Why did the zombie stop teaching?
He only had one pupil!
What do you get when you cross a werewolf and a vampire?
A fur coat that fangs around your neck.
How did Frankenstein know Jesus was coming for a visit?
He used his frankincense.
How do you greet a five-headed ghoul?
Hello, hello, hello, hello, hello!
What is Dr. Frankenstein’s favorite part of a company?
Human resources.
Why do witches fly on broomsticks?
Because vacuum cleaner cords aren’t long enough.
We've all heard about elf on a shelf, but have you ever heard of troll on a poll?
Why did the witch fall off her broom mid-flight?
She had a fainting spell!
Everyone loves my Halloween costume, but I still see room for improvement.

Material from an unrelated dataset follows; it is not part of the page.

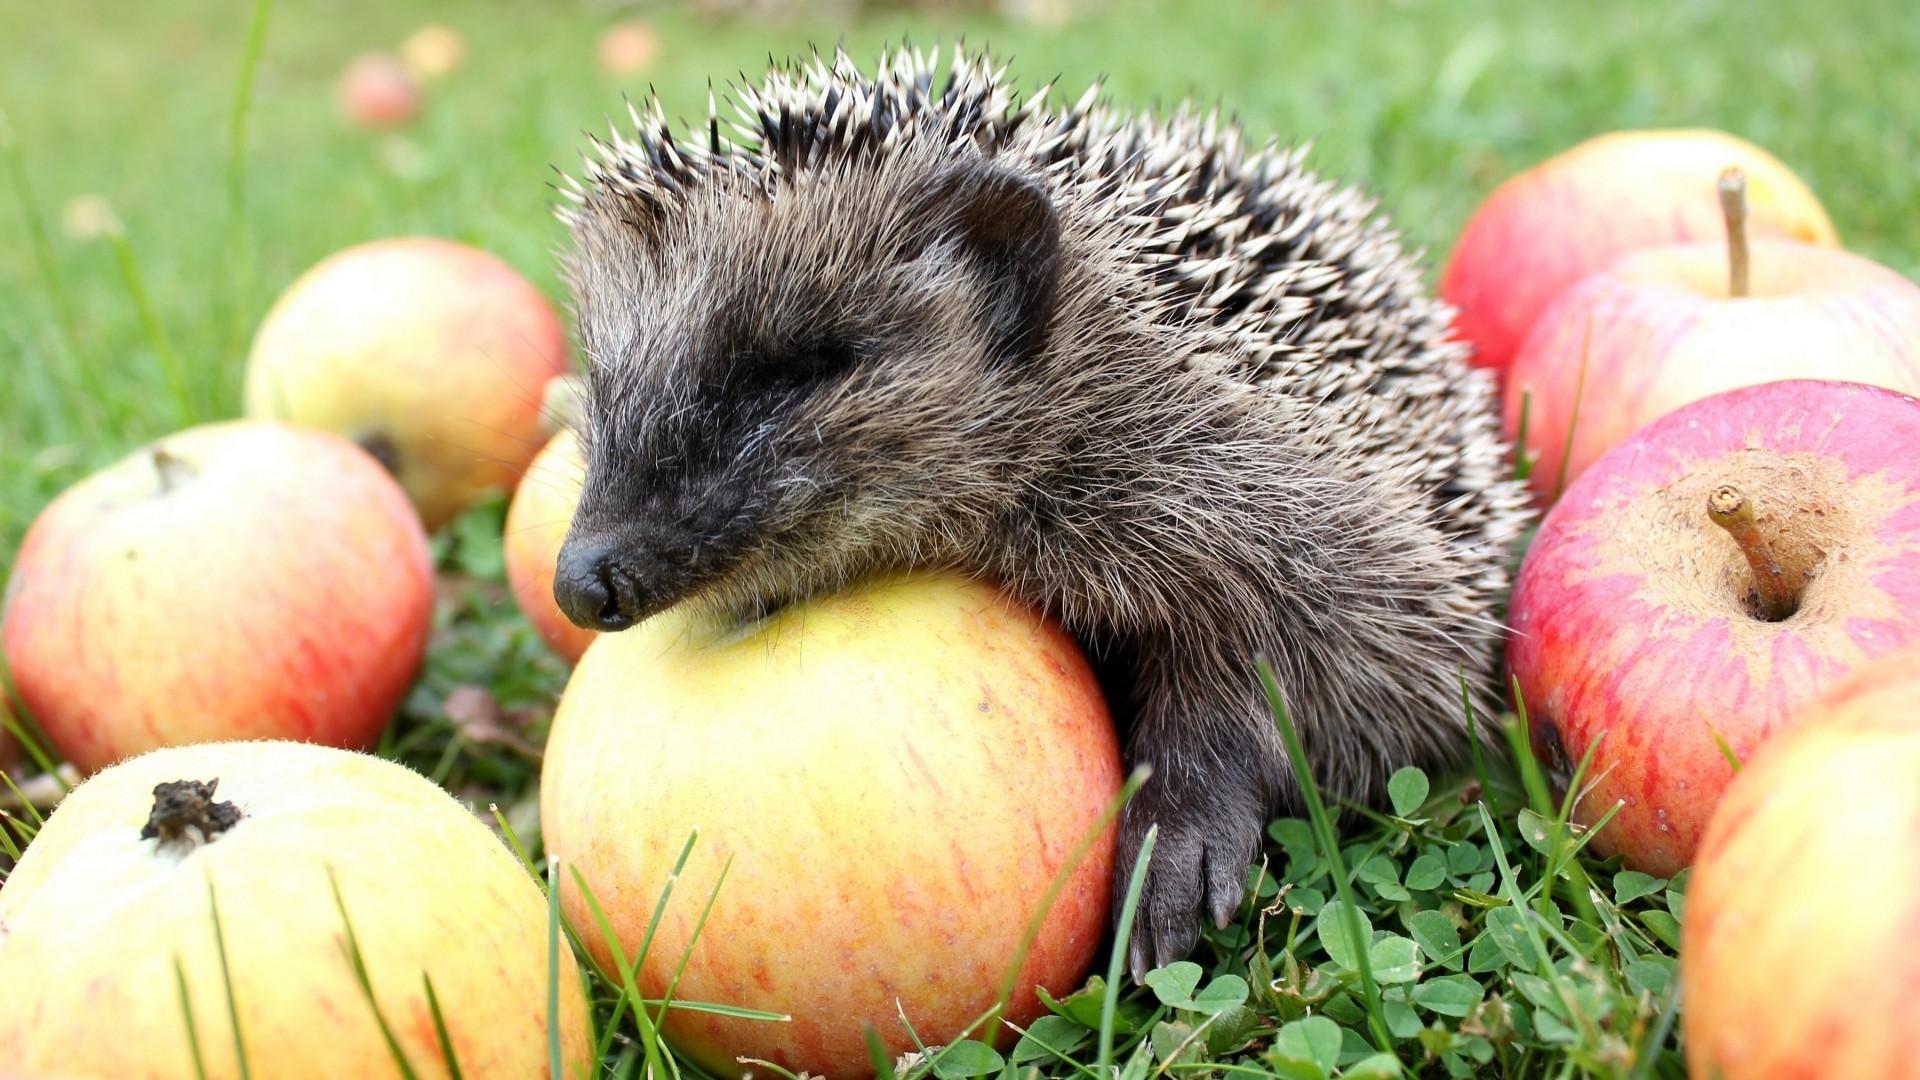 Animals_Hedgehog_sitting_on_apples_10574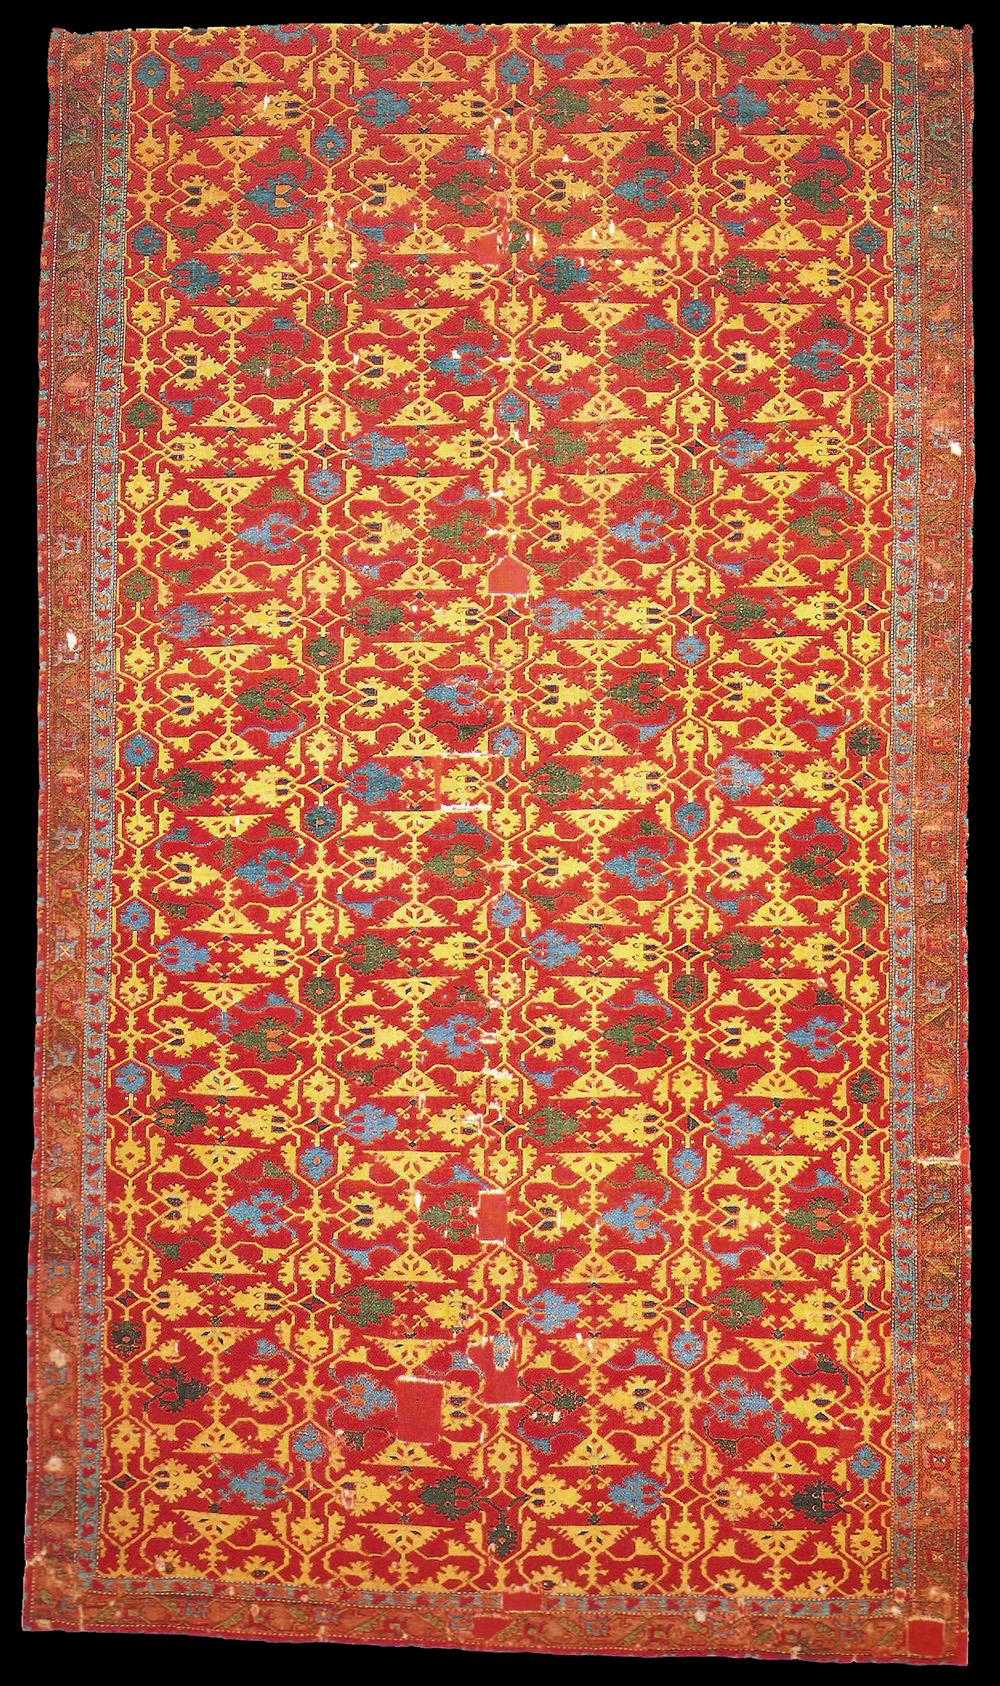 17th century Lotto type Ushak carpet, Western Anatolia

I guess I'm an ogre-achiever.
What's the difference between an internet troll and a video game character?
Video game characters have lives.
How do ghouls like their meals?
Runny!
How do French skeletons say hello?
- Bone-jour!
Dracula always read the best selling local newspaper because he heard that it had a good circulation.
A monster terrorized a village.
He kept doing it ogre and ogre again...
What time does the Wicked Witch have her clocks set to?
Greenwitch Mean Time.
Why did the ghoul eat a light bulb?
Because it wanted a light snack!
What do vampires use when baking cakes?
Batter.
A werewolf's favorite day of the week is Moonday.
Vampires make awful businessmen. They just can't deal with the stakeholders.
What is the Abominable Snowman's favourite type of cup?
A yeti.
What do you call a necromancer werewolf?
A dog with a bone.
Why do werewolves not enter the Olympics? Too high a chance of a silver medal.
I used to be a werewolf but I’m ok noooooooooooow!!
Why do ghosts like elevators? They raise their spirits.
How do you stop an Internet troll?
Seize their memes of production.
What job did Dracula’s son have on his little league team?
Bat boy!
What's a ghost with a broken leg called? A hoblin goblin.
Why do zombies speak Latin?
It’s a dead language.
What is a witch's favorite ride at the fair?
A scary-go-round.
Normal Zombies: BRAAINNNNSSS!!
Vegetarian Zombies: GRAAINNNNSSS!!
Body Builder Zombies: GAAINNNNSSS!!
Plumber Zombies: DRAAINNNNSSS!!
Conductor Zombies: TRAAINNNNSSS!!
Weatherman Zombies: RAAINNNNSSS!!
Who brings the monsters their babies?
Frankenstork.
The zombie worked for years to win this prize. He showed real dead-ication.
What do you call a troll that’s in charge?
In control.
How is Big Foot so good at rock climbing?
He always finds the biggest footholds.
Can’t take my eyes off of her brewtiful face.
What did the broken hearted skeleton say?
After all to-marrow is another day.
What did the minotaur say to the real estate agent?
- Amazing.
What do you call Bigfoot from Canada?
Sasquatch-ewan.
What do Ghosts suffer from? Saturday fright fever.
How do ghosts take their eggs? Terri-fried.
How do you kill a southern vampire?
You bless his heart.
What do you call a row of zombies?
A deadline.
What happened to the pirate ship that sank in a sea full of sharks?
It came back with a skeleton crew.
What do you call a small Minotaur?
A Minitaur.
What is a Ghost’s favourite toy to play with? Leg-oooooooooooooooo!
All vampires seem to have the same thing for their last meal. A stake.
If you encounter a sea monster, you better get Kraken!
How does Frankenstein jump-start his day?
With a shock of lighting.
Why was there no food left at the Halloween party?
Because everyone was a goblin.
The bartender told the ghost they don't serve spirits after midnight.